The B.C. economy has fundamentally changed. Are we ready for tomorrow? - BCBusiness

new economic narrative for B.C.

Building a prosperous future for the province means putting people first as the fundamental driver of wealth, says BC Tech president and CEO Jill Tipping

I’ve come up with a set of rules that describe our reactions to technologies:
1. Anything that is in the world when you’re born is normal and ordinary and is just a natural part of the way the world works.
2. Anything that’s invented between when you’re 15 and 35 is new and exciting and revolutionary and you can probably get a career in it.
3. Anything invented after you’re 35 is against the natural order of things. 
–Douglas Adams

For Jill Tipping, that observation by late science fiction author Adams gets at the urgent need to shift our thinking about the B.C. economy and its future.

 Tipping is president and CEO of the BC Tech Association, which recently published A New Economic Narrative for British Columbia. The report’s thesis: Our economy isn’t what we tell ourselves it is. We still cling to the 20th-century image of B.C. as mostly an exporter of natural resources. But in fact, over the past three decades, we’ve become a knowledge and service-driven economy.

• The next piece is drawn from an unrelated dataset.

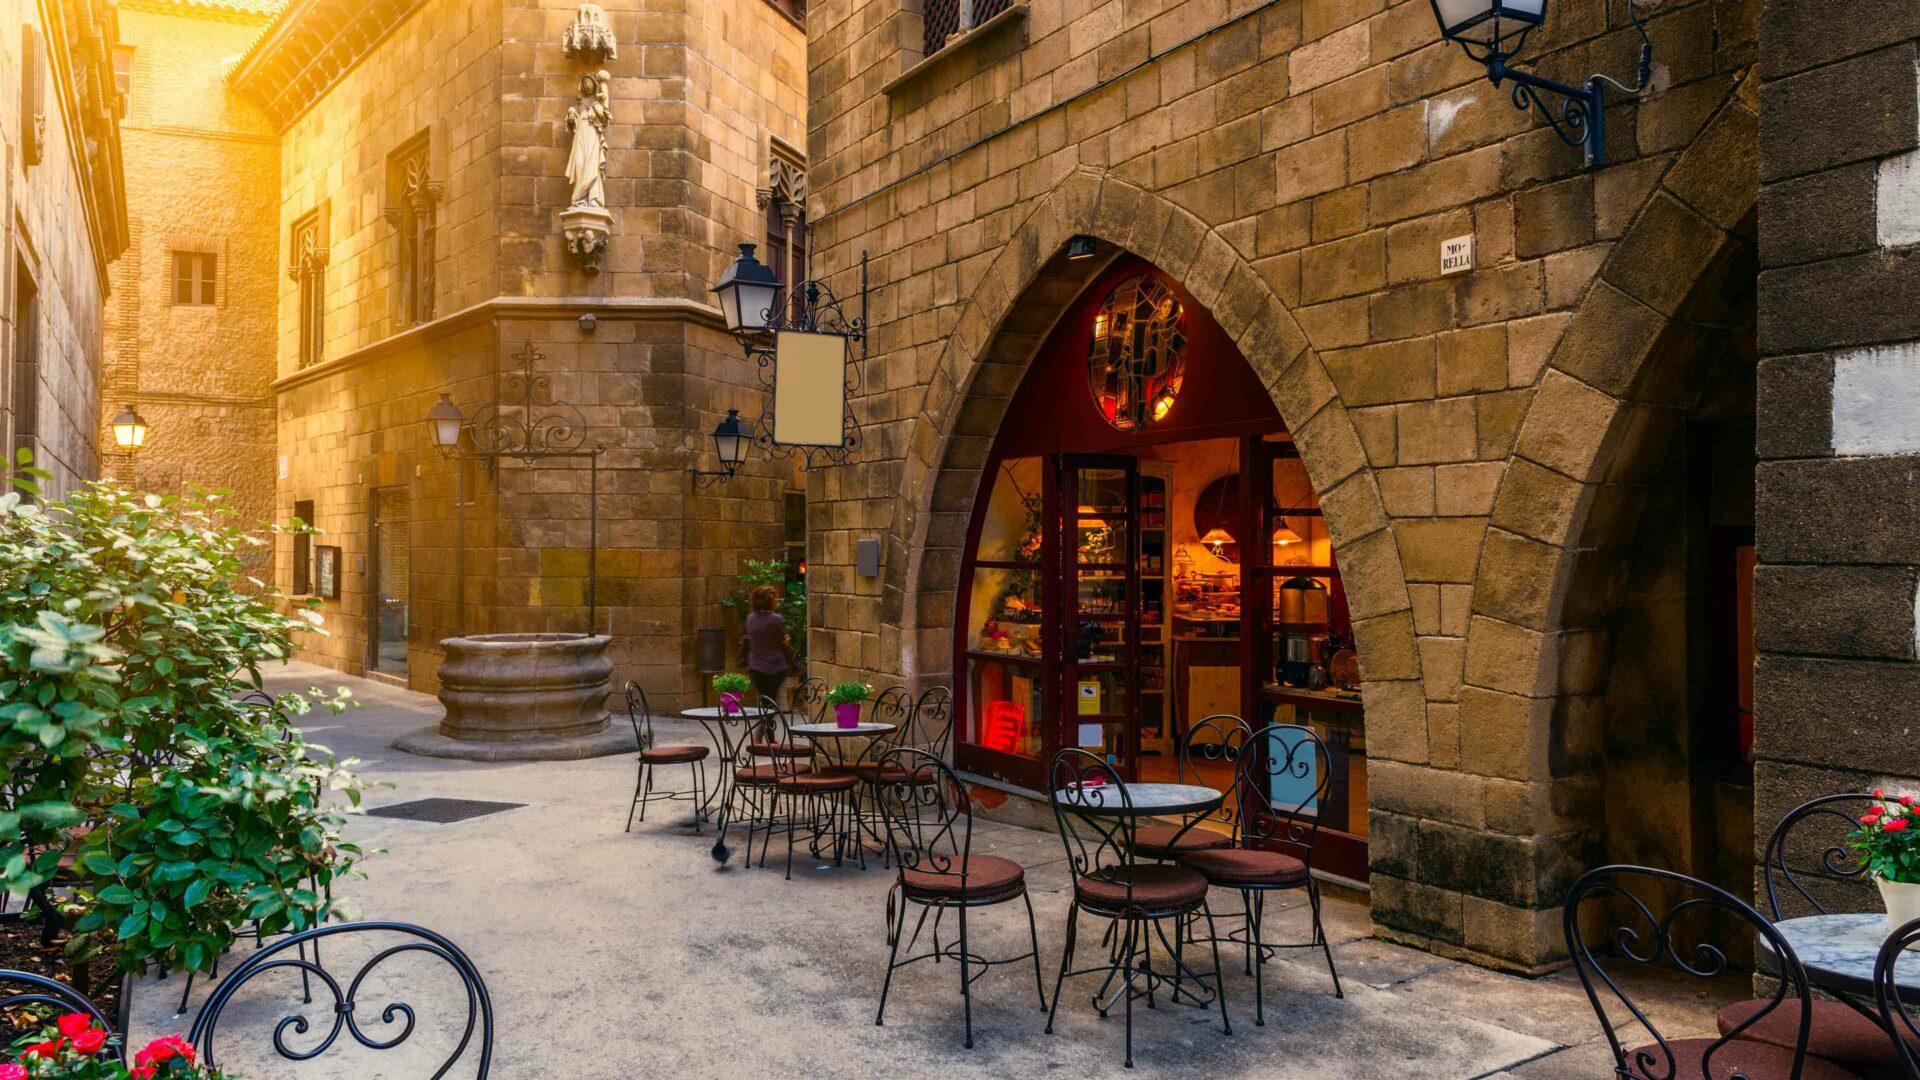 Catalonie Barcelona restaurant

“How I would describe the call to action in this report is that it’s no longer enough to describe that we’re experiencing economic growth,” Tipping says. “We actually need to understand the why so that we can understand if it’s sustainable or not.”

The report presents B.C. as a small, open economy at an inflection point in a rapidly changing world. If physical assets drove economic growth, resilience and competitiveness during the previous century, the service economy of the 21st century hinges on intangible assets such as data and intellectual property.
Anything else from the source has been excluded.